La petite fille aveugle et le mendiant

La pluie ne tombait pas dans la vallée ; elle passait sans s’arrêter, tel un voile gris et froid qui s’accrochait aux rochers escarpés du domaine ancestral. À l’intérieur de la maison flottait une odeur d’encens rance et le parfum métallique de l’argenterie négligée. Zainab était assise tranquillement dans un coin du salon, son univers fait de textures, de vibrations et de sons.

Elle reconnut le craquement des planches du plancher qui annonçait l’arrivée de son père. C’était un bruit lourd et mesuré, un rythme qui portait le poids d’un homme convaincu que son nom de famille était un monument qui s’effritait lentement sous l’effet de fissures invisibles.

Zainab avait vingt et un ans, mais aux yeux de son père Malik, elle n’était pas une fille, mais une tache. Sa cécité n’était pas considérée comme un handicap, mais comme une offense à la perfection qu’il exigeait de sa famille. Ses sœurs, Aminah et Laila, étaient les joyaux de la famille : admirées, célébrées et fièrement mises en avant. Zainab n’existait que comme une ombre sous leur éclat.

Le moment où tout a basculé n’a pas commencé par des mots, mais par une odeur. Une odeur âcre de terre humide et de fumée s’est répandue dans la pièce immaculée.

« Lève-toi, bon sang », dit Malik d’un ton sec.

Il n’utilisait jamais son nom.

Appeler quelqu’un par son nom, c’était reconnaître son humanité.

Zainab se leva lentement, ses doigts effleurant le fauteuil en velours tandis qu’elle cherchait son équilibre. Elle sentait une autre présence dans la pièce. L’inconnu sentait le tabac, les chiffons humides et la pluie lointaine.

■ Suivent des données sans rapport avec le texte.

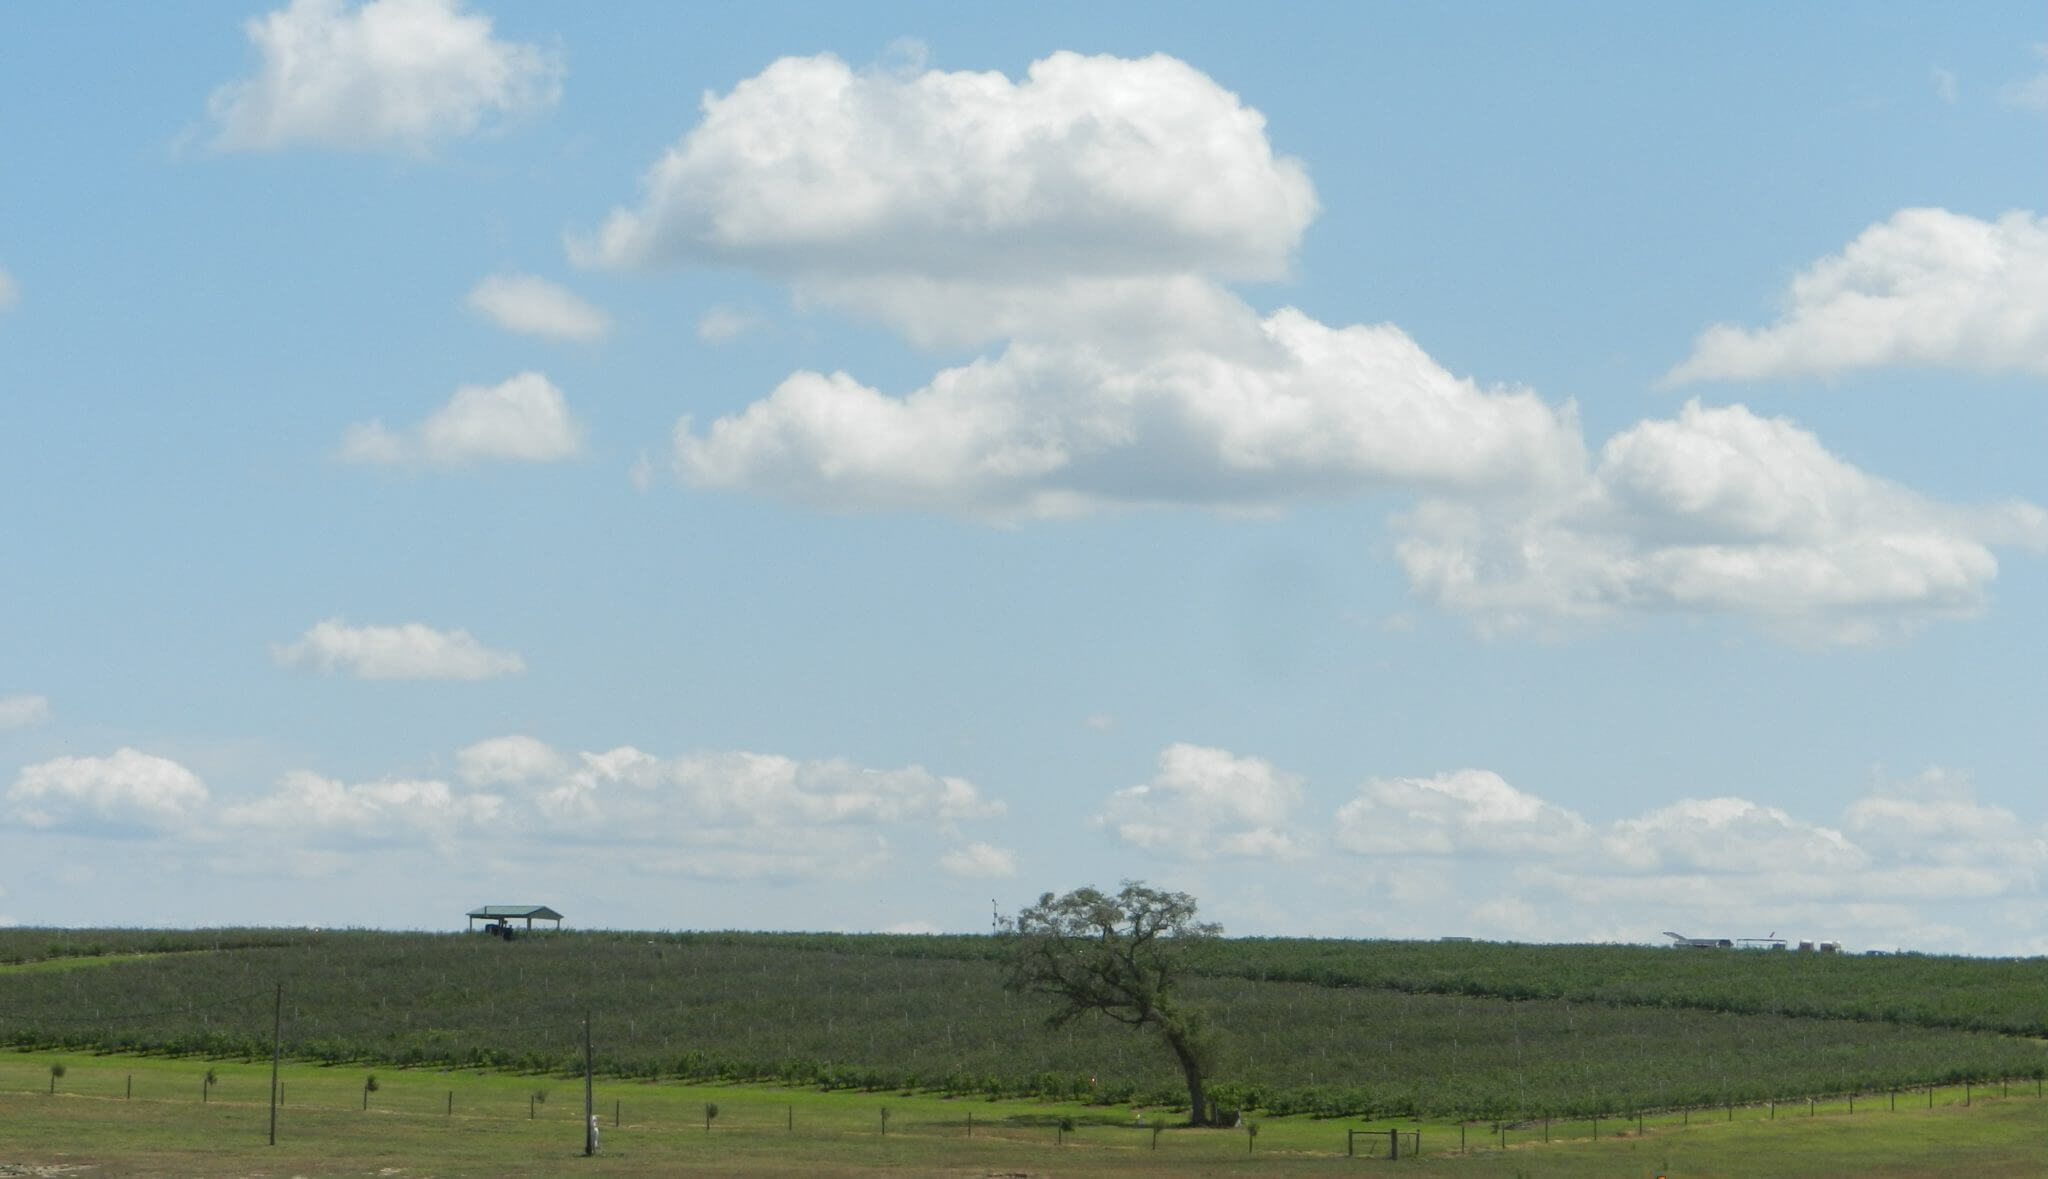 Spring Valley Farms in Umatilla, FL (A Wish Farms Blueberry Grower) #wishfarms

« La mosquée nourrit de nombreuses bouches », déclara Malik avec une satisfaction froide. « L’une d’entre elles a accepté de t’accueillir. Demain, tu te marieras. Un fardeau aveugle pour un homme brisé. Un arrangement parfait. »

Zainab sentit le sang se retirer de ses mains.

Elle ne pleurait pas.

Ses larmes avaient séché depuis longtemps.

Le mariage fut bref et sans faste. Il eut lieu dans la cour boueuse du magistrat, bien loin des réceptions élégantes dont ses sœurs auraient un jour pu profiter. Zainab portait une robe en lin grossier, une ultime humiliation infligée par sa famille.

La main d’un inconnu a saisi la sienne.

Sa poigne était ferme et chaude, même si sa manche était déchirée.

« C’est ton problème maintenant », s’écria Malik avant que les portes ne se referment derrière eux.

Cet homme s’appelait Yusha.

Pendant la longue promenade qui s’ensuivit, il ne dit pas grand-chose. Ils passèrent devant les rues propres du quartier chic, en direction de l’air humide des berges du fleuve.

Leur maison était une cabane fragile qui craquait sous l’effet du vent.

« Ce n’est pas grand-chose », dit doucement Yusha, « mais le toit tient bon. Et tu es en sécurité ici. »

Il prononça son nom à voix basse.

Zainab avait presque oublié ce son.

Cette nuit-là, il ne l’a pas touchée. Il a posé une épaisse couverture sur ses épaules et s’est endormi près de l’embrasure de la porte.

« Pourquoi ? » demanda-t-elle à l’obscurité.

« Pourquoi quoi ? »

« Pourquoi m’emmener ? »

Il a marqué une pause avant de répondre.

« Peut-être est-il plus facile de ne rien avoir quand on partage le silence. »

Au cours des semaines qui suivirent, Zainab découvrit un monde qui lui était encore inconnu. Chez son père, on lui avait appris à rester invisible. Yusha, en revanche, remplissait son obscurité de couleurs et de sens.

« Le soleil aujourd’hui », lui dit-il un après-midi au bord de la rivière, « donne l’impression d’une pièce de monnaie chaude posée dans la paume de ta main. »

Il lui apprit le langage du vent, la différence entre le bruissement des feuilles et le cliquetis des branches. Il guida ses doigts sur des herbes sauvages et de l’écorce rugueuse, et lui décrivit des formes et des couleurs qu’elle ne pouvait qu’imaginer.

Pour la première fois, sa cécité lui semblait moins être une prison qu’une toile.

Peu à peu, son cœur a changé.

Chaque soir, elle écoutait le bruit de ses pas qui revenaient.

Elle attendait le rythme de sa voix.

Et sans s’en rendre compte, elle est tombée amoureuse.